Part III was the hardest for me. The bulk of it is devoted to explaining UBI. Yang’s proposal is the US government would give $1000 monthly to adults aged 18-64. Receiving this “Freedom Dividend” would mean forgoing other welfare payments like disability. I did not find the celebrity endorsements of UBI compelling. For example, Bill Gates says “A problem of excess [automation] forces us to look at the individuals affected and take those extra resources and make sure they’re directed to them in terms of re-education and income policies”. This statement agrees with Yang on the problem but falls way short of affirming UBI. There’s a quote about how the government doesn’t do many things well but mailing people checks is one thing it excels at. I would agree with that. The premise of UBI is putting money in people’s hands gives them the freedom to decide how to best spend it. It is based a trust in people to make good choices. Yang suggests prospective entrepreneurs might have greater courage if they had a cushion of $12,000 a year. He has a chapter on Digital Social Credits, where people earn points for doing altruistic tasks (i.e. fixing someone’s fence) and then use the currency to purchase goods and services. I was repulsed. It seems like #virtuesignaling on steroids. This would be social media at its absolute worst. 

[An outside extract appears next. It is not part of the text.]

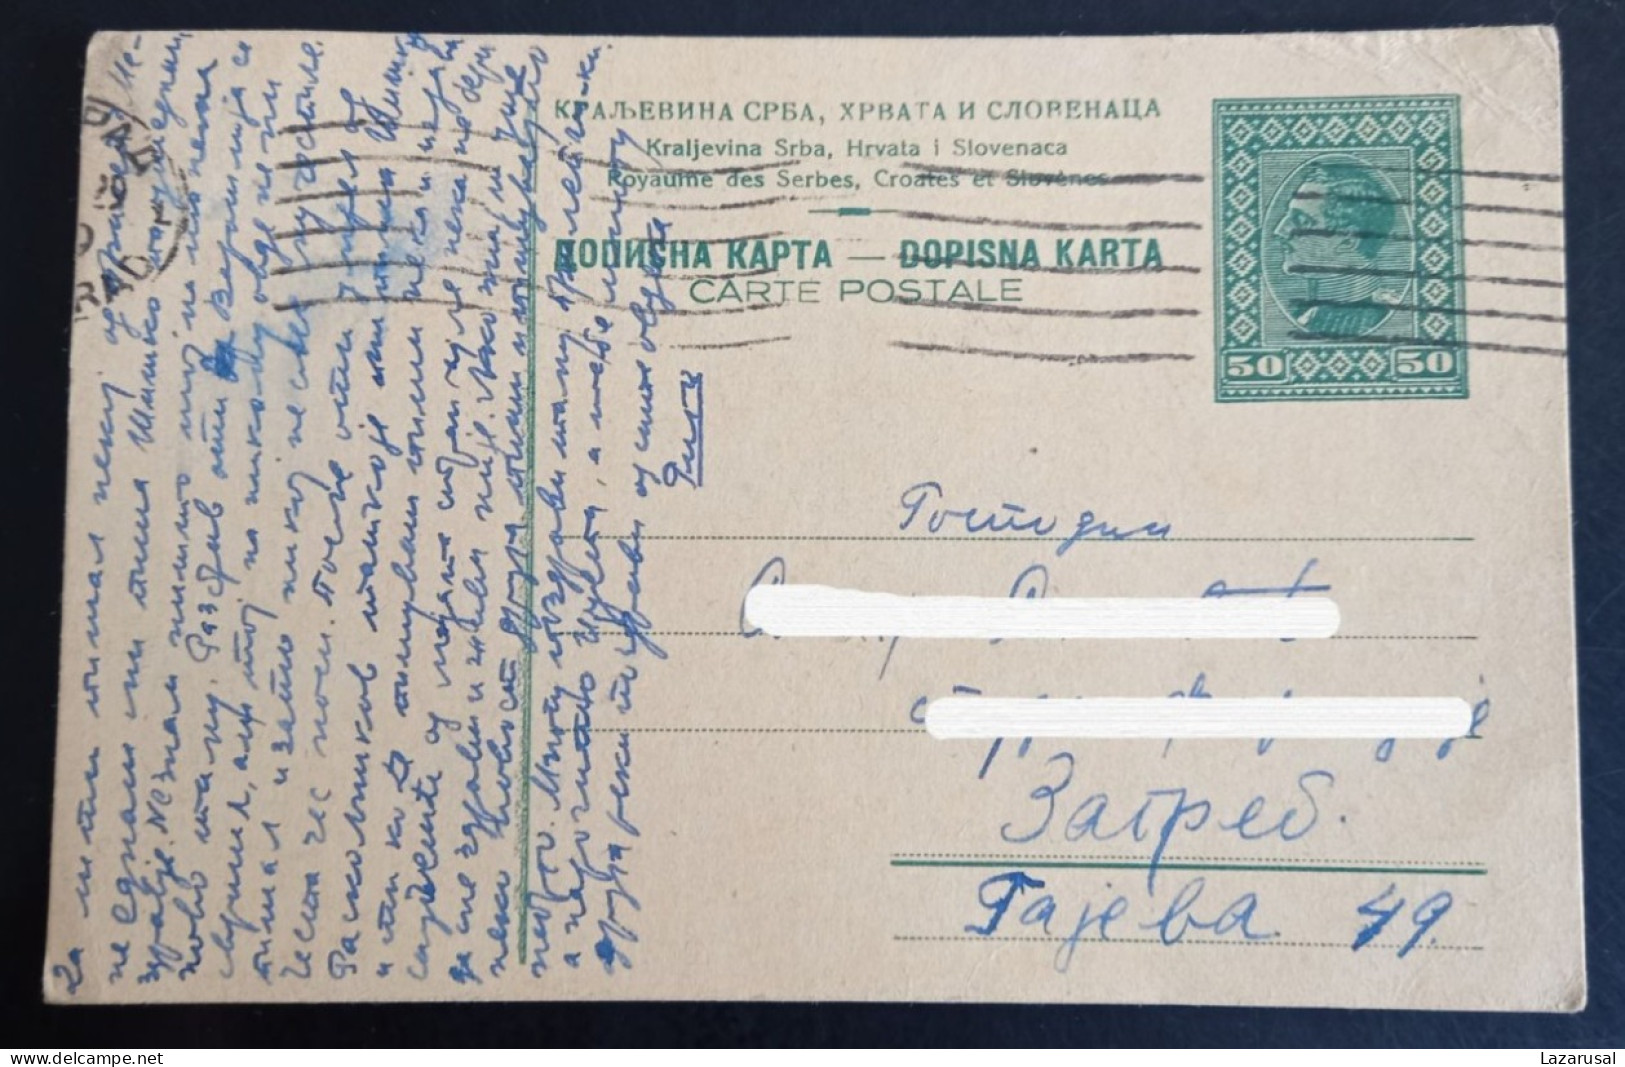 #21  Yugoslavia Kingdom SHS Postal Stationery - 1929   Beograd Serbia To Zagreb Croatia - Postal Stationery
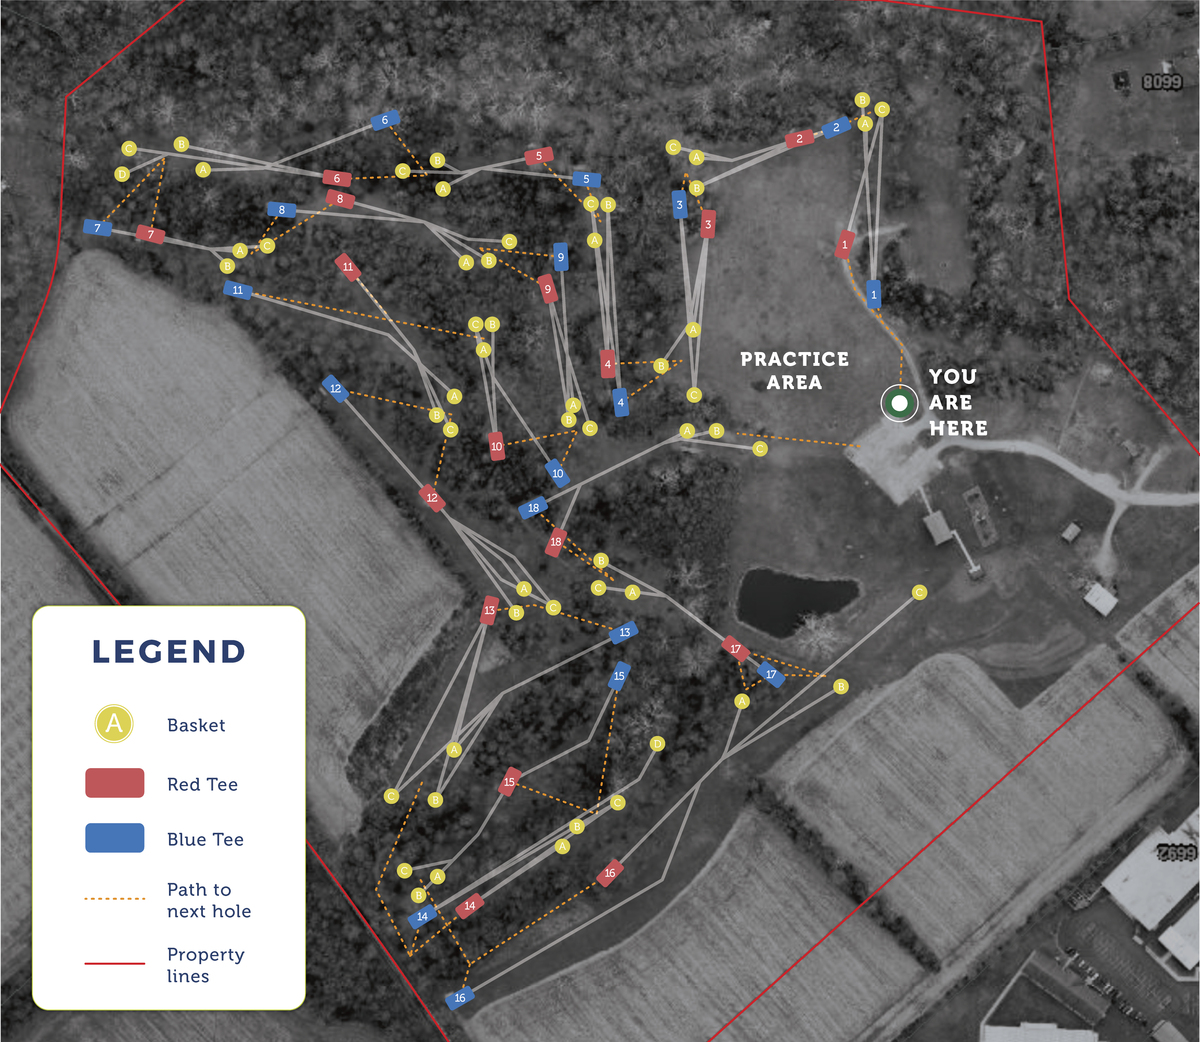 Disc Golf Course Map

The chapter that disturbed me most is titled Humanity and Work. It’s only 6 pages but the theology of work is vital to me as a pastor. Yang argues getting humans to work is a pain in the rear. We complain, are unreliable and dishonest, have bad days, call in sick, need training, etc. We avoid work but we know we have to do it. Yang wrestles with the implications of robots as far superior workers than humans. The closing line is this: “The challenge we must overcome is that humans need work more than work need us.” There’s something profoundly biblical about this statement. God designed humanity to labor and cultivate Eden. But the ground - representing man’s labor - was cursed because of Adam’s sin. Work will always be a pain for us and yet we were designed for it. Decoupling income from work, as Yang proposes, has considerable risk. My hope is that, regardless of who attains presidential office, the church would empower normal people to have a valued place. A valued place is an esteemed role within a community that contributes to others’ needs. For example, many grandparents have a valued place in a family by helping raise grandchildren though they don’t earn a penny. In the years to come, this type of service, whether tied to wages or not, may become the new definition of work. But for me, it’s not an option to get rid of it.